### The problem
Using the data beneath this instruction, retype only the lines from the one that contains "Call Now: 9849097623" down to the one that contains "#ruphafurniture #rupha #furniture", both included, exactly as they appear.

### Information provided
= = = = = = =
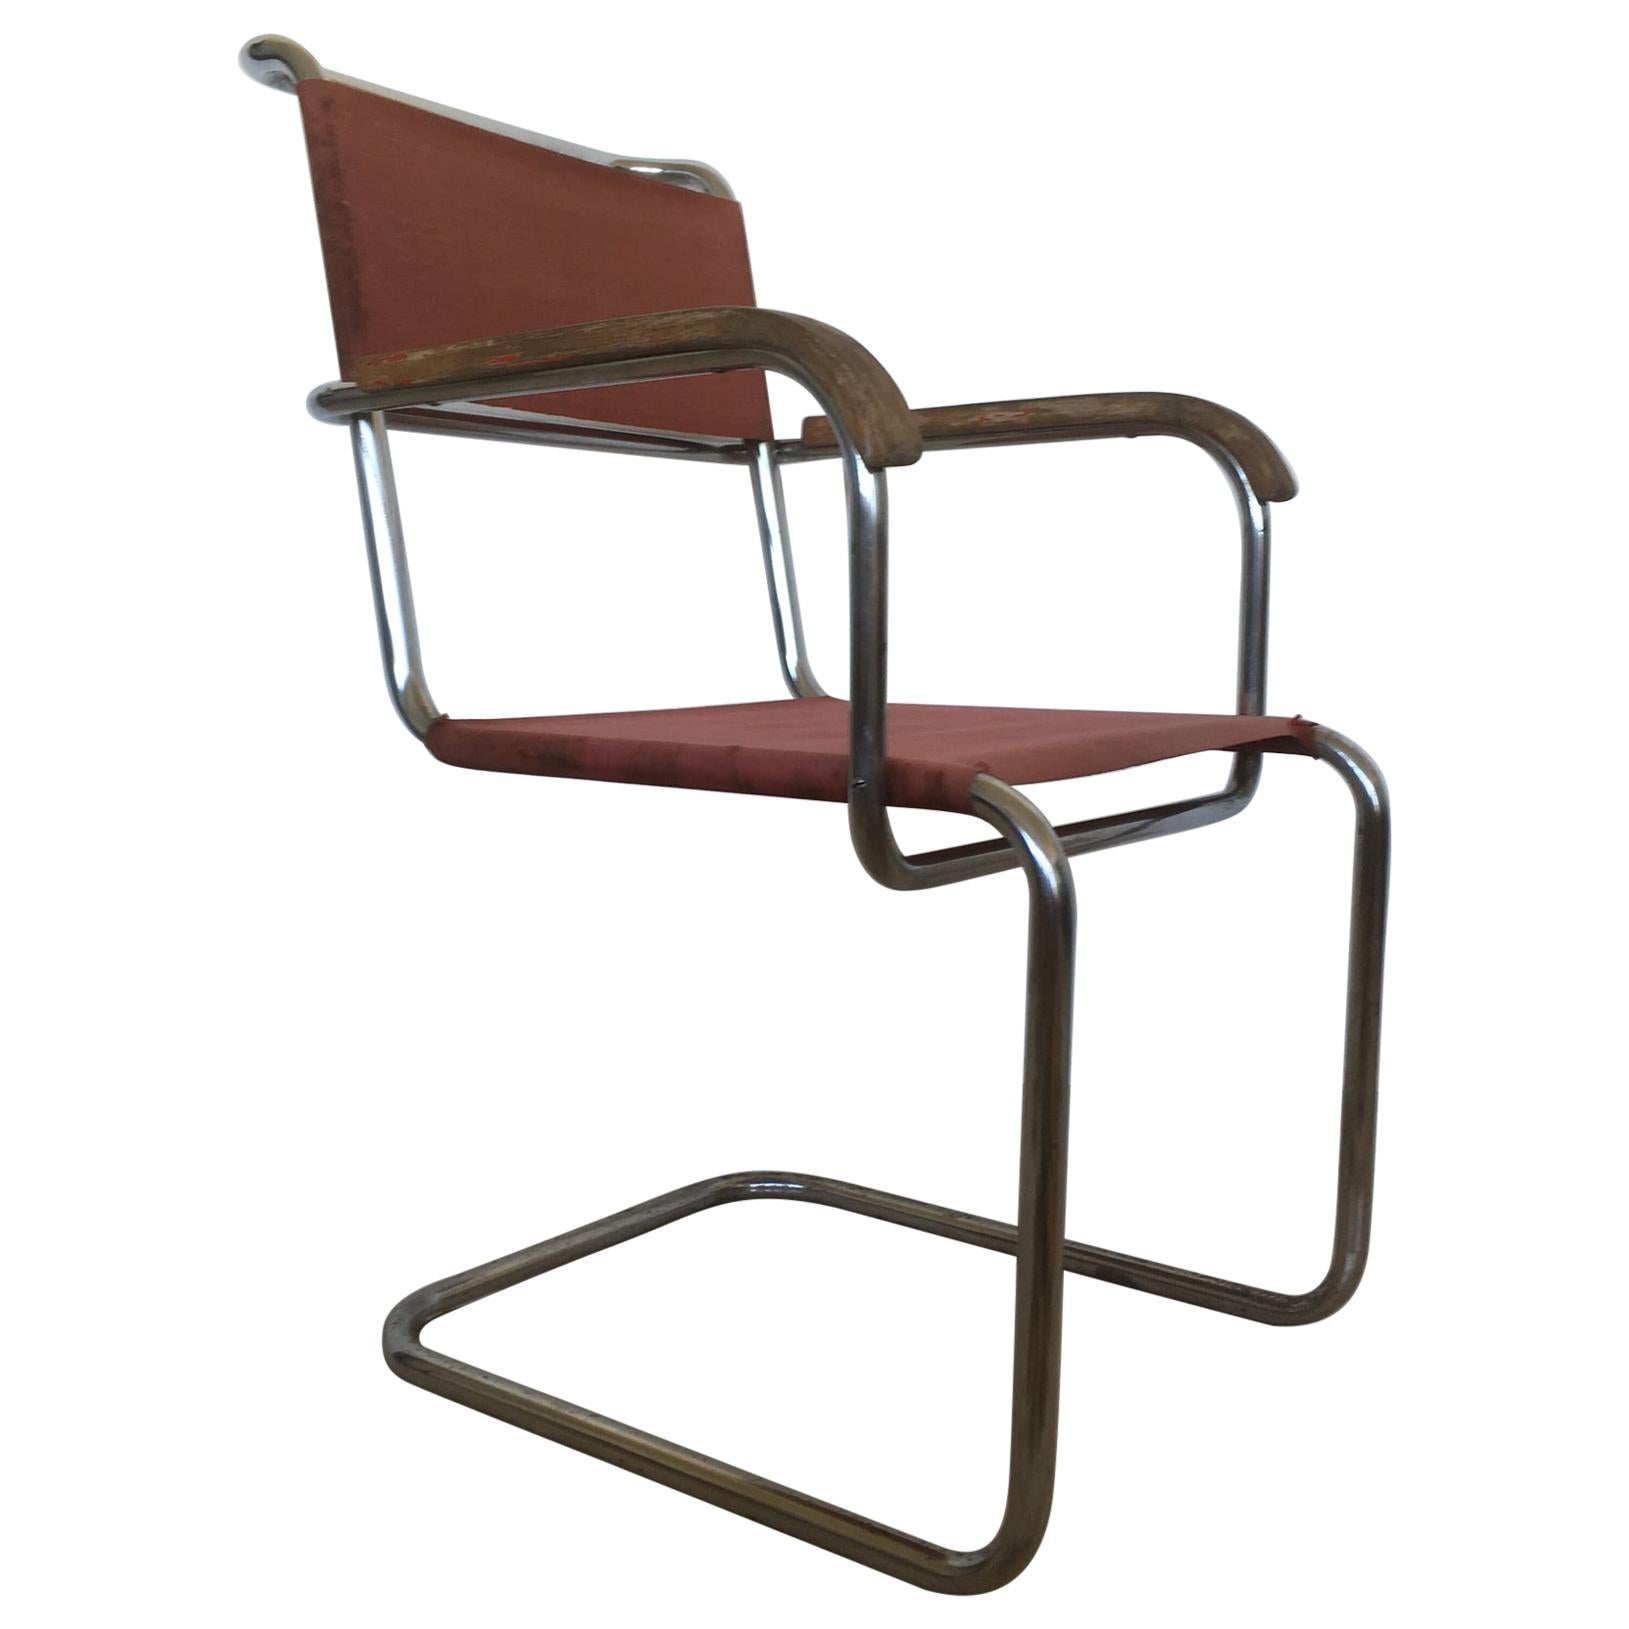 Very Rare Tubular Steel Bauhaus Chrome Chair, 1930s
= = = = = = =
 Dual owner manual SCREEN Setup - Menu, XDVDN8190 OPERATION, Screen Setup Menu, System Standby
= = = = = = =
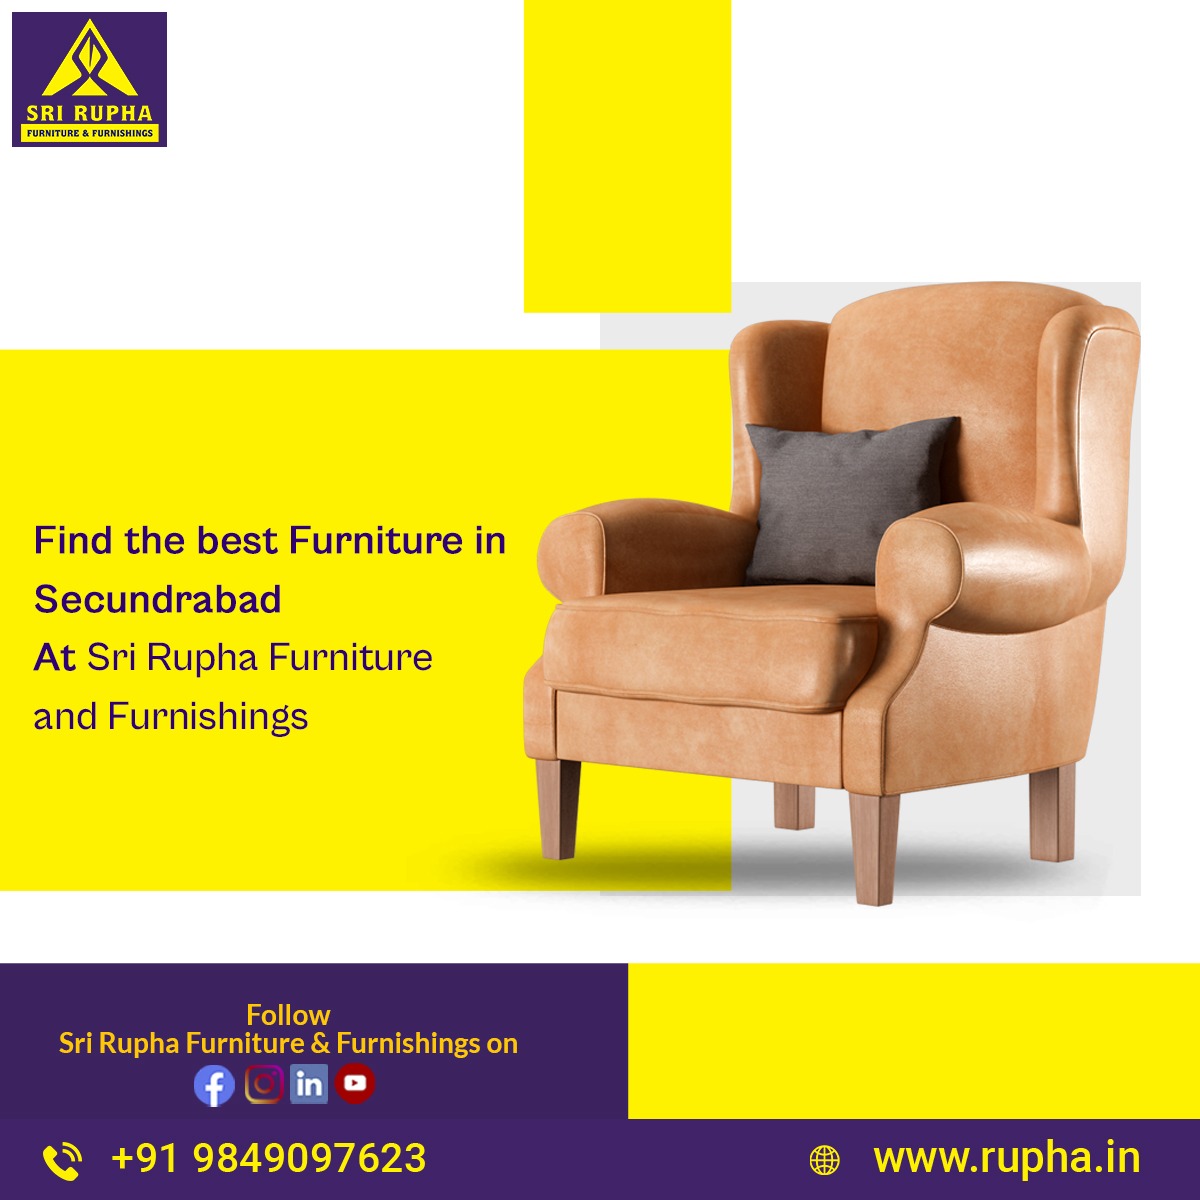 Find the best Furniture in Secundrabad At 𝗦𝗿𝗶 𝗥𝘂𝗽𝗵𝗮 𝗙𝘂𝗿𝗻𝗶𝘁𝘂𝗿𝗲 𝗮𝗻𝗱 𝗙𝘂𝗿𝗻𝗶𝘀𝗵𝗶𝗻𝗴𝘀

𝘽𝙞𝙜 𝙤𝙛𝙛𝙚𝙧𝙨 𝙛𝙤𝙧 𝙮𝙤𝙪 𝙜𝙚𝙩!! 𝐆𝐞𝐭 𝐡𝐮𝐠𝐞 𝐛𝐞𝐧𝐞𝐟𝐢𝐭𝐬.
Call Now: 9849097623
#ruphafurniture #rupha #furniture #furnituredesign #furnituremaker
= = = = = = =
### Answer for the task
Call Now: 9849097623
#ruphafurniture #rupha #furniture #furnituredesign #furnituremaker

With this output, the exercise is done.